The gardaí drove by telling the pair to move on; when they reached the Tavern laneway "Frankie spotted some lads and bolted forward".
Mr Manley said: "Frankie jumped forward and started throwing punches at two fellas who were there and I was shouting at them to stop because the guards were behind us."
He told Ms Pauline Walley SC, prosecuting, he couldn not make out the exact identity of the two men but he knew it was some of "the lads".
The court heard the fight was ‘fleeting’, lasting only seconds before a garda car drove up the laneway causing everyone to scatter.
Mr Manley followed Mr Heneghan who had turned right onto Main Street Rear because he thought he might be getting arrested.
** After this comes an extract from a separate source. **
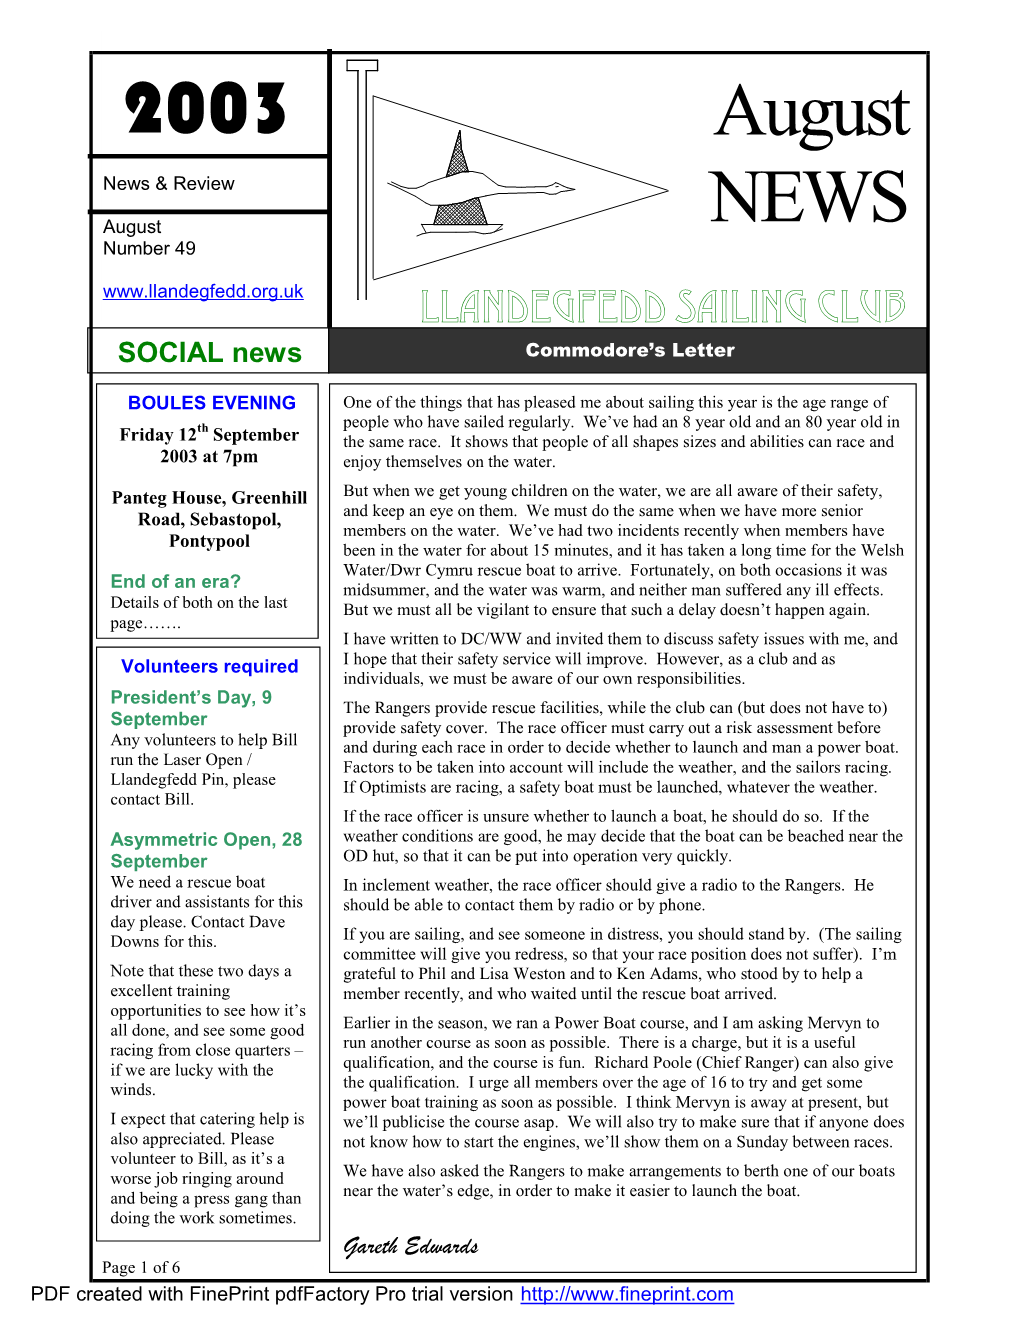 2003 August NEWS
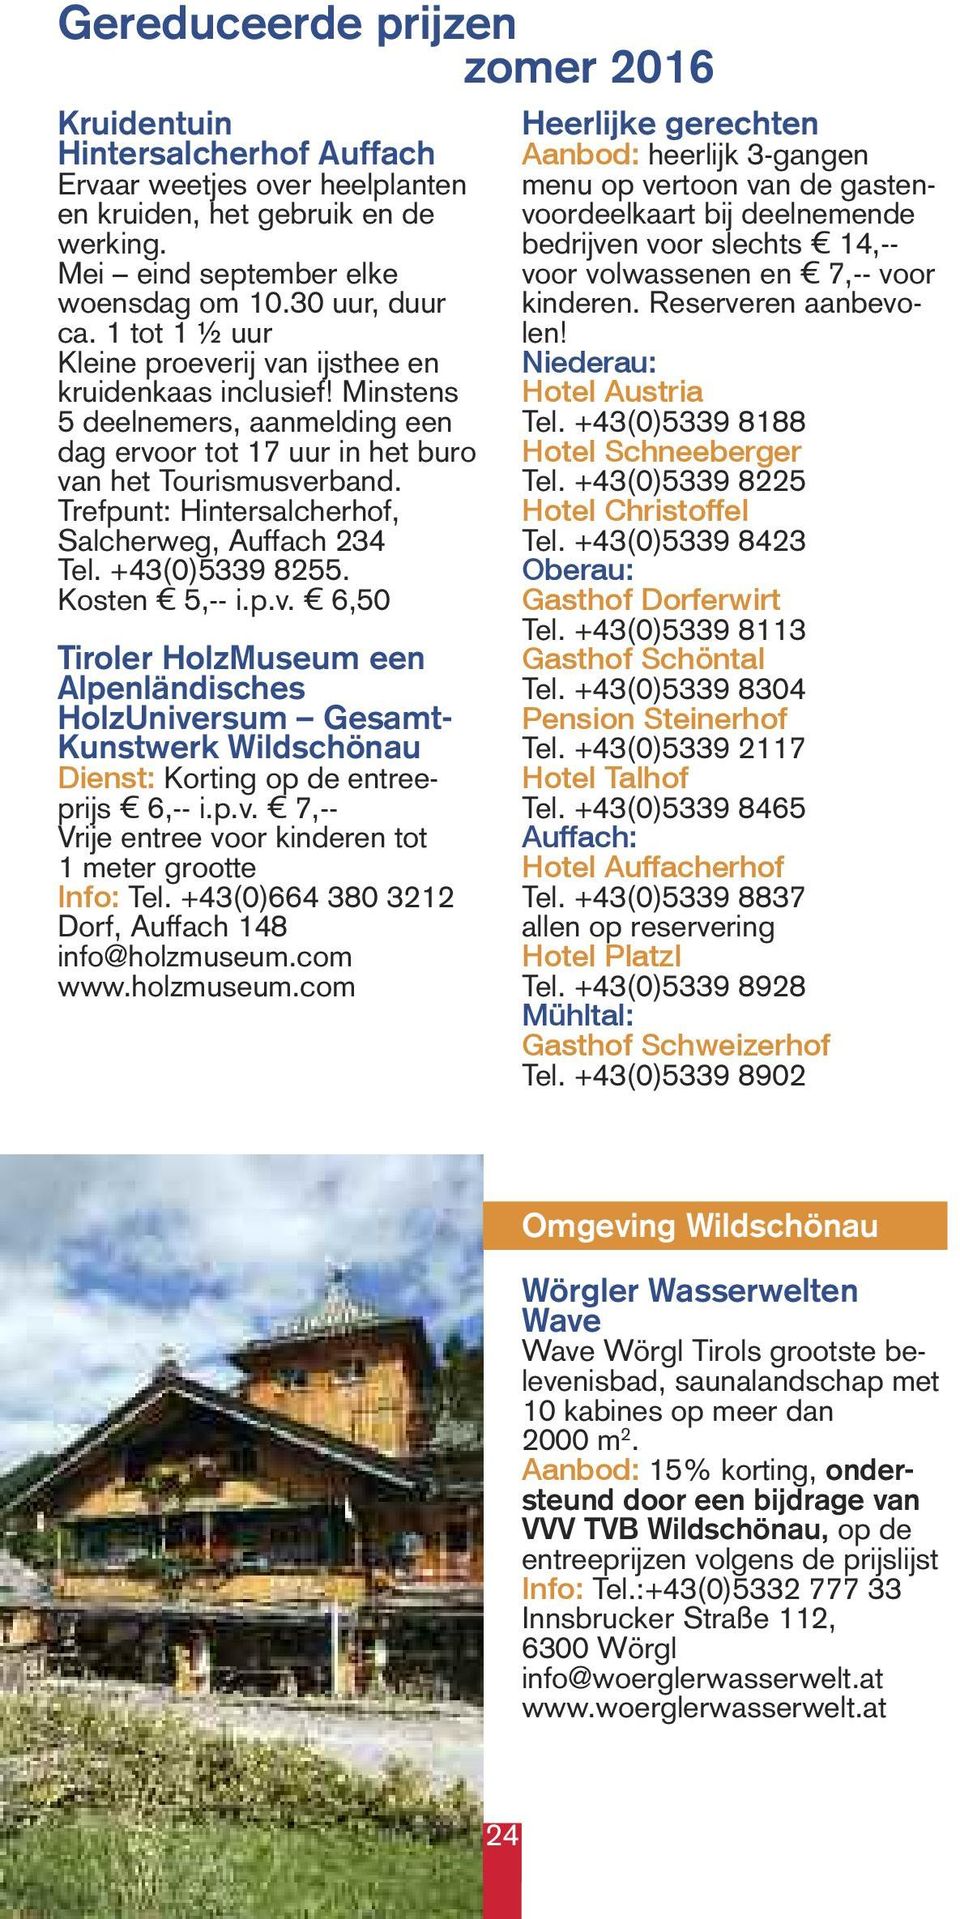 Trefpunt: Hintersalcherhof, Salcherweg, Auffach 234 Tel. +43(0)5339 8255. Kosten 5,-- i.p.v.

"By the time I got there Frankie was on the ground and the guards were standing over him; you could hear fluid on his lungs."
"He was just about alive he got a couple of gasps out; there was a wound on his chest and there was blood," Mr Manley told the court.
During his cross-examination, counsel for the defence Mr Martin Giblin SC, put it to the witness that he was trying to create the impression of mutual aggression between the lads and Mr Heneghan when in reality the aggression was only coming from Mr Heneghan.
Mr Manley initially replied he felt the aggression was mutual but later said: "No the lads weren’t looking for trouble that night we were just drinking and having craic."
Mr Giblin SC asked: "Until Frankie appeared?" to which the witness replied: "Yea true, then it went bad."
The trial continues tomorrow before Mr Justice John Edwards.